In this retrospective cohort study, a small team of US-based researchers analyzed data of 108,547 healthy women aged 12 to 45 years (mean age, 30.7 years of age) who were treated for acne with spironolactone from 2008 to 2019. Deidentified data were obtained from the Optum Clinformatics Data Mart database.
The main outcome of the analysis was the percentage of patients who received a baseline potassium level test and the percentage of women who underwent potassium monitoring in the first 180 days of spironolactone initiation. The investigators also compared the clinicians who prescribed 5 or more spironolactone courses, the percentage of clinicians who ordered a baseline potassium test or monitoring, and the percentage of clinicians who reported they always monitored potassium from 2008 to 2015 vs from 2016 to 2018.
Overall, the mean duration of a course of spironolactone was 159 days. The percentage of women who underwent monitoring of their potassium levels under the direction of dermatologists within 180 days of initiating spironolactone decreased from 41.4% in 2008 to 38.5% in 2018. Among internists the percentage of women who underwent potassium monitoring decreased from 39.7% to 37.7% during this time.
In contrast, the investigators noted that there was an increase in potassium monitoring from 2008 to 2018 under advanced practice clinicians, such as nurse practitioners and physician assistants, from 71.4% to 75.4%, respectively.
From 2008 to 2015 and from 2016 to 2018, there was a respective 10.6% and 4.2% decrease in the percentage of dermatologists who always monitored potassium levels in women who started spironolactone for acne. No significant difference was observed in the percentage of internists who always monitored potassium levels from 2008 to 2015 (15.8%) vs from 2016 to 2018 (17.7%; P =.37).
In an analysis adjusted for patient age, each additional 10 total spironolactone courses prescribed by a clinician was significantly associated with decreased odds of all clinicians always monitoring potassium (odds ratio [OR], 0.65; 95% CI, 0.53-0.79) and in dermatologists (OR, 0.57; 95% CI, 0.46-0.71).
Limitations of this study included its retrospective design as well as the lack of adjustment for baseline potassium level tests that may have been ordered before an acne encounter.
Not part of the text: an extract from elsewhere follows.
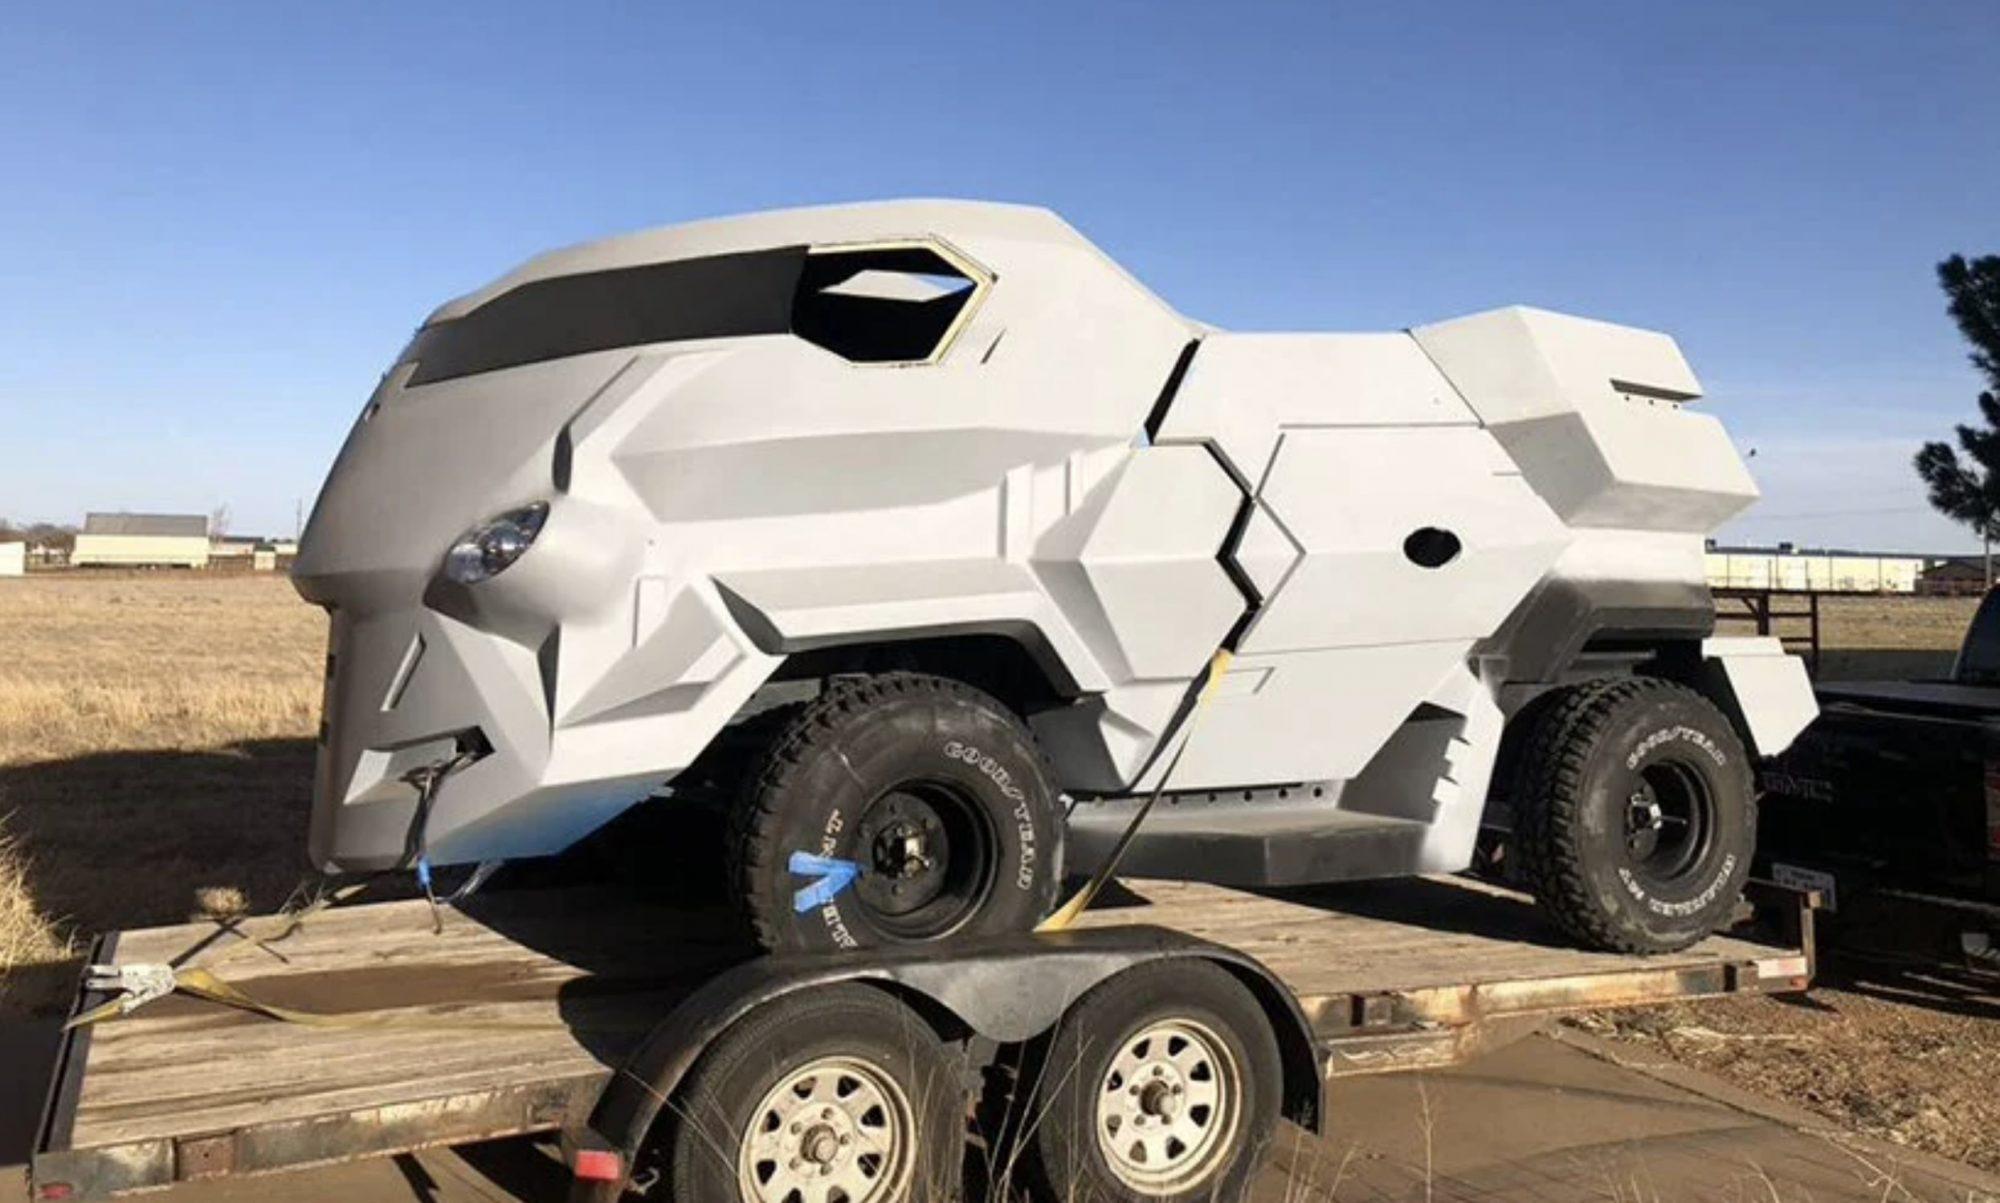 Ce tank du futur coûte moins cher qu'une voiture traditionnelle

The investigators suggest the latter limitation could have underestimated testing the true incidence baseline potassium testing incidence.
The researchers concluded that there currently exists “a need for future implementation and dissemination research to understand underlying factors for this variation and to develop strategies to address this practice gap.”
Disclosure: Several study authors declared affiliations with the pharmaceutical industry. Please see the original reference for a full list of authors’ disclosures.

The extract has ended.